In other ways also The Mysterious Affair at Styles presaged what was to become typical Christie territory—an extended family, a poisoning drama, a twisting plot, and a dramatic and unexpected final revelation. It is not a very extended family in Styles, however; there are only seven suspects, which makes the disclosure of a surprise murderer more difficult and Christie’s achievement in her first novel even more impressive.
In his 1953 survey of detective fiction, Blood in their Ink, Sutherland Scott describes The Mysterious Affair at Styles as ‘one of the finest “firsts” ever written.’ Countless Christie readers over almost a century would enthusiastically agree.
DR JOHN CURRAN
March 2013
The intense interest aroused in the public by what was known at the time as ‘The Styles Case’ has now somewhat subsided. Nevertheless, in view of the world-wide notoriety which attended it, I have been asked, both by my friend Poirot and the family themselves, to write an account of the whole story. This, we trust, will effectually silence the sensational rumours which still persist.
I will therefore briefly set down the circumstances which led to my being connected with the affair.
I had been invalided home from the Front; and, after spending some months in a rather depressing Convalescent Home, was given a month’s sick leave. Having no near relations or friends, I was trying to make up my mind what to do, when I ran across John Cavendish. I had seen very little of him for some years. Indeed, I had never known him particularly well. He was a good fifteen years my senior, for one thing, though he hardly looked his forty-five years. As a boy, though, I had often stayed at Styles, his mother’s place in Essex.

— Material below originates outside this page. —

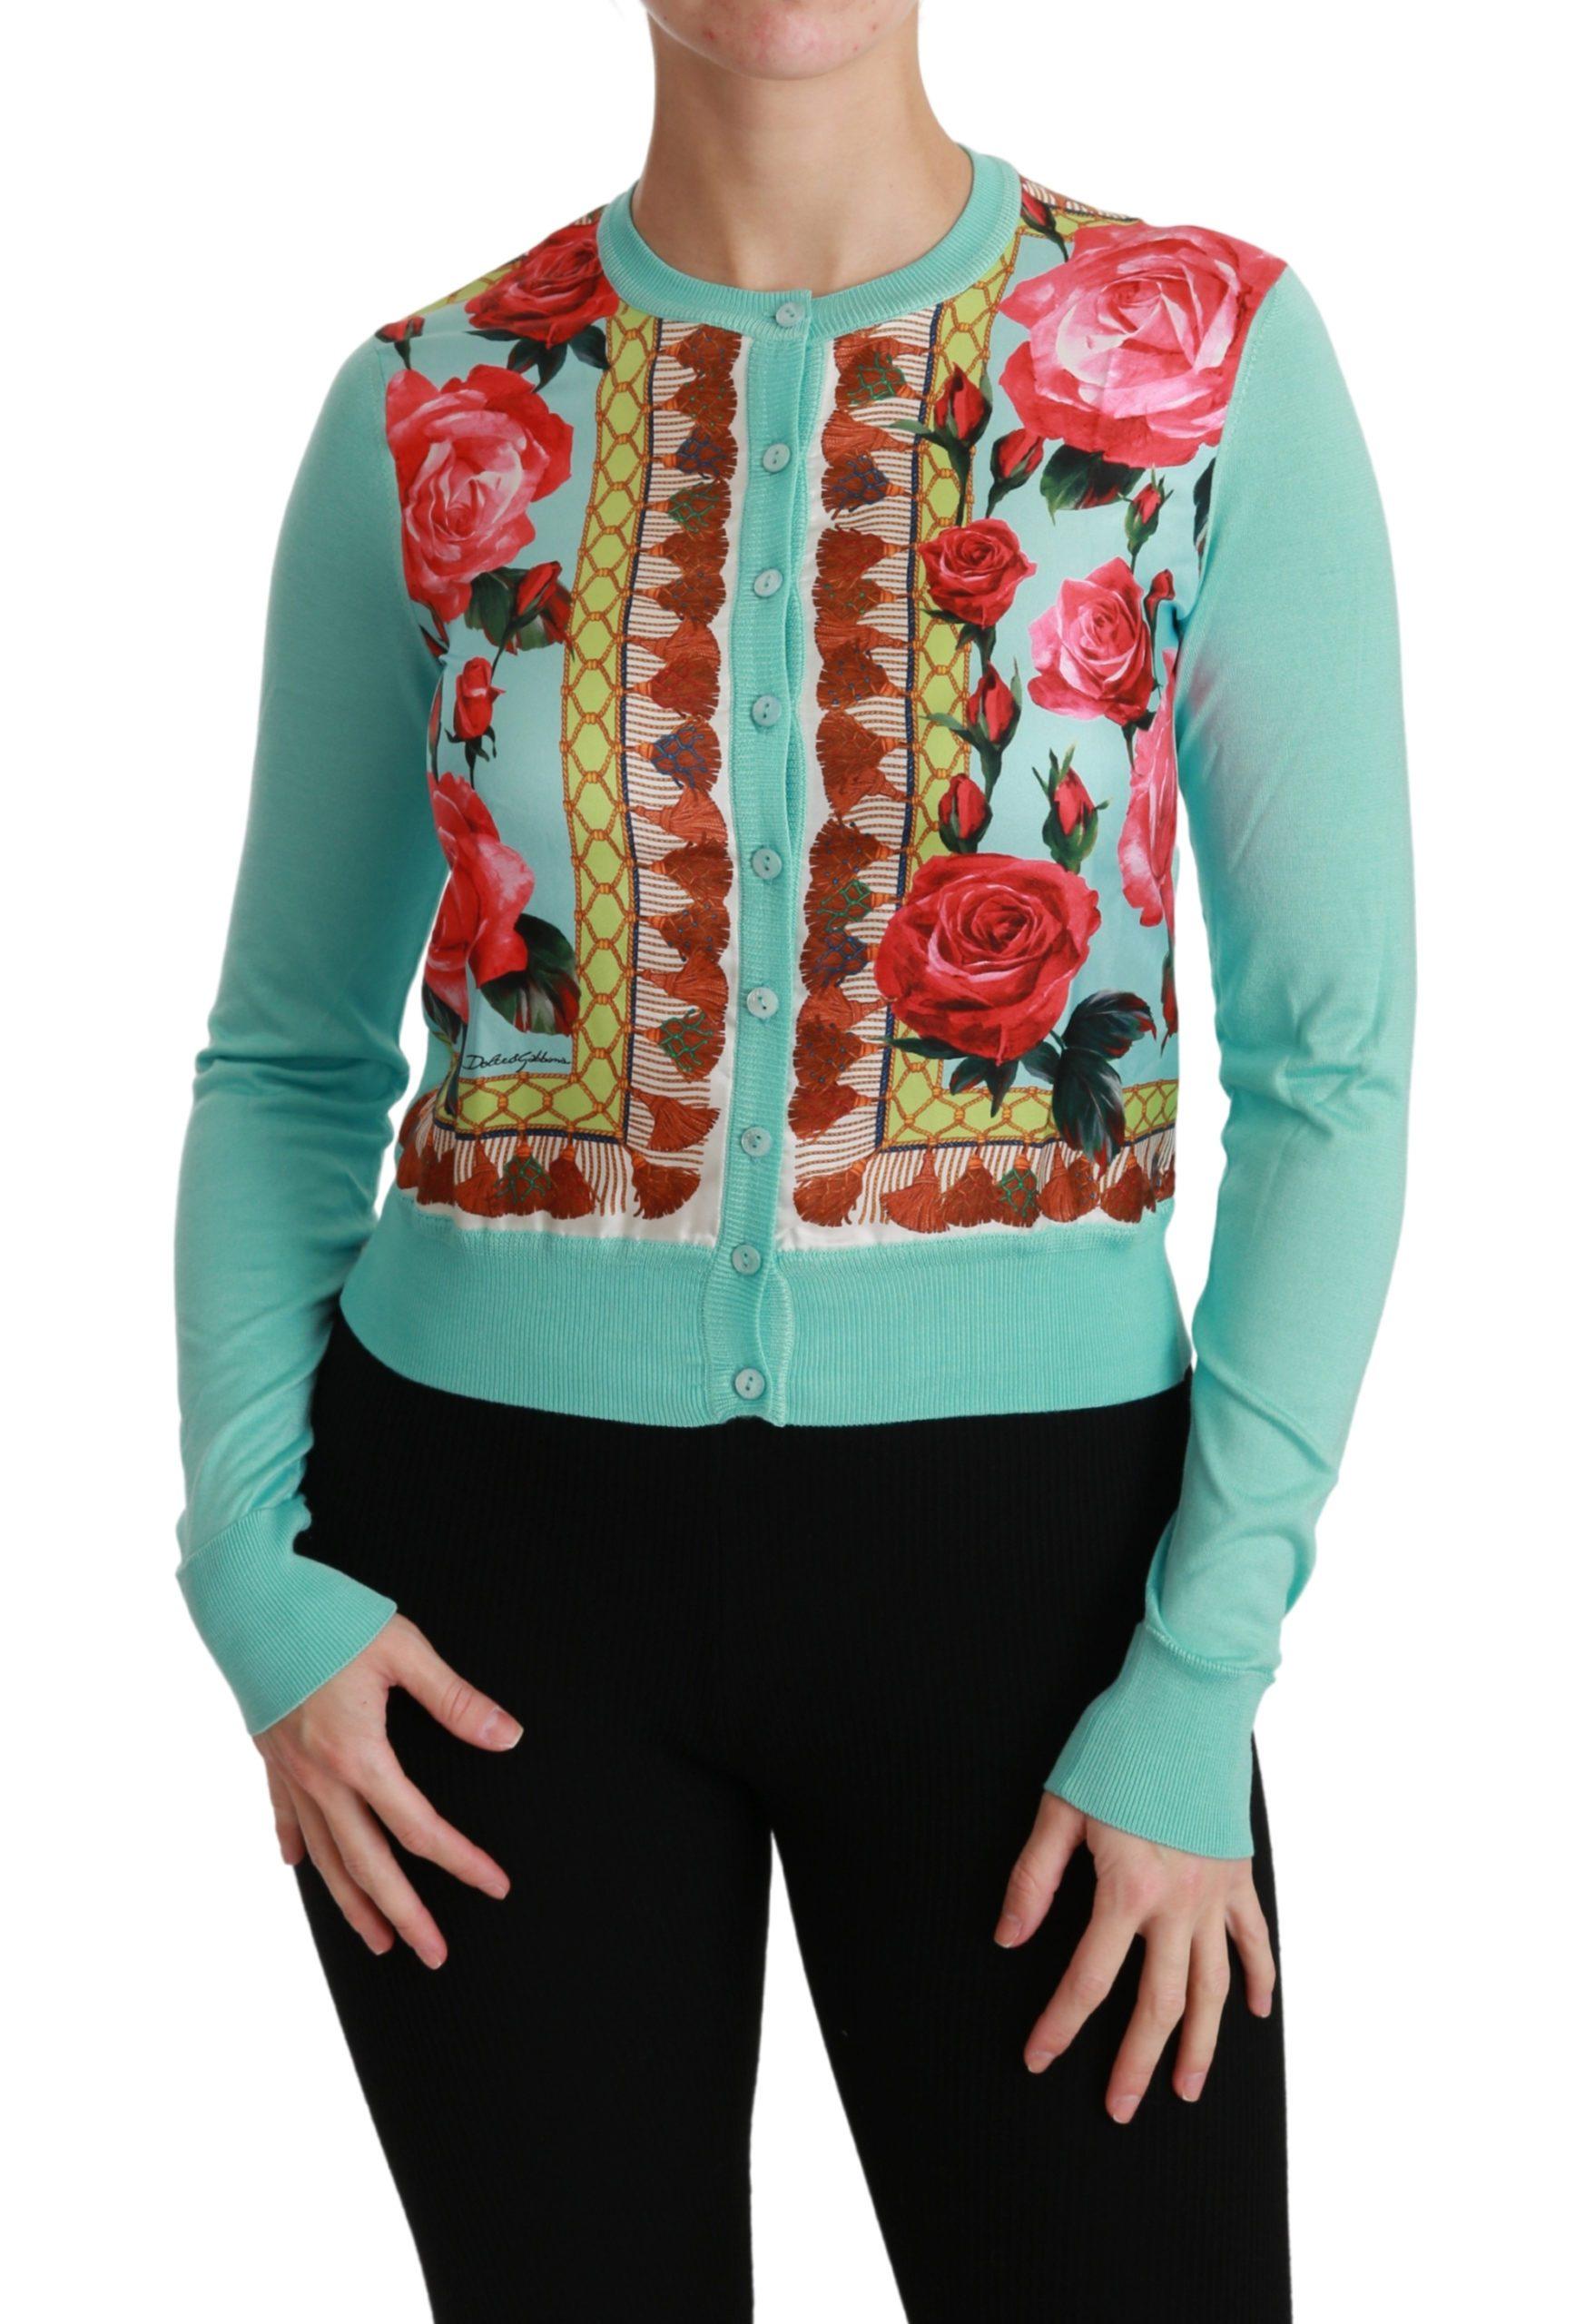 Dolce & Gabbana Women's Roses Floral Silk Cardigan TSH4493 - IT36 | XS

We had a good yarn about old times, and it ended in his inviting me down to Styles to spend my leave there.
‘The mater will be delighted to see you again—after all those years,’ he added.
‘Your mother keeps well?’ I asked.
‘Oh, yes. I suppose you know that she has married again?’
I am afraid I showed my surprise rather plainly. Mrs Cavendish, who had married John’s father when he was a widower with two sons, had been a handsome woman of middle-age as I remembered her. She certainly could not be a day less than seventy now. I recalled her as an energetic, autocratic personality, somewhat inclined to charitable and social notoriety, with a fondness for opening bazaars and playing the Lady Bountiful. She was a most generous woman, and possessed a considerable fortune of her own.
Their country-place, Styles Court, had been purchased by Mr Cavendish early in their married life. He had been completely under his wife’s ascendancy, so much so that, on dying, he left the place to her for her lifetime, as well as the larger part of his income; an arrangement that was distinctly unfair to his two sons. Their stepmother, however, had always been most generous to them; indeed, they were so young at the time of their father’s remarriage that they always thought of her as their own mother.
Lawrence, the younger, had been a delicate youth. He had qualified as a doctor but early relinquished the profession of medicine, and lived at home while pursuing literary ambitions; though his verses never had any marked success.
John practised for some time as a barrister, but had finally settled down to the more congenial life of a country squire. He had married two years ago, and had taken his wife to live at Styles, though I entertained a shrewd suspicion that he would have preferred his mother to increase his allowance, which would have enabled him to have a home of his own. Mrs Cavendish, however, was a lady who liked to make her own plans, and expected other people to fall in with them, and in this case she certainly had the whip hand, namely: the purse strings.
John noticed my surprise at the news of his mother’s remarriage and smiled rather ruefully.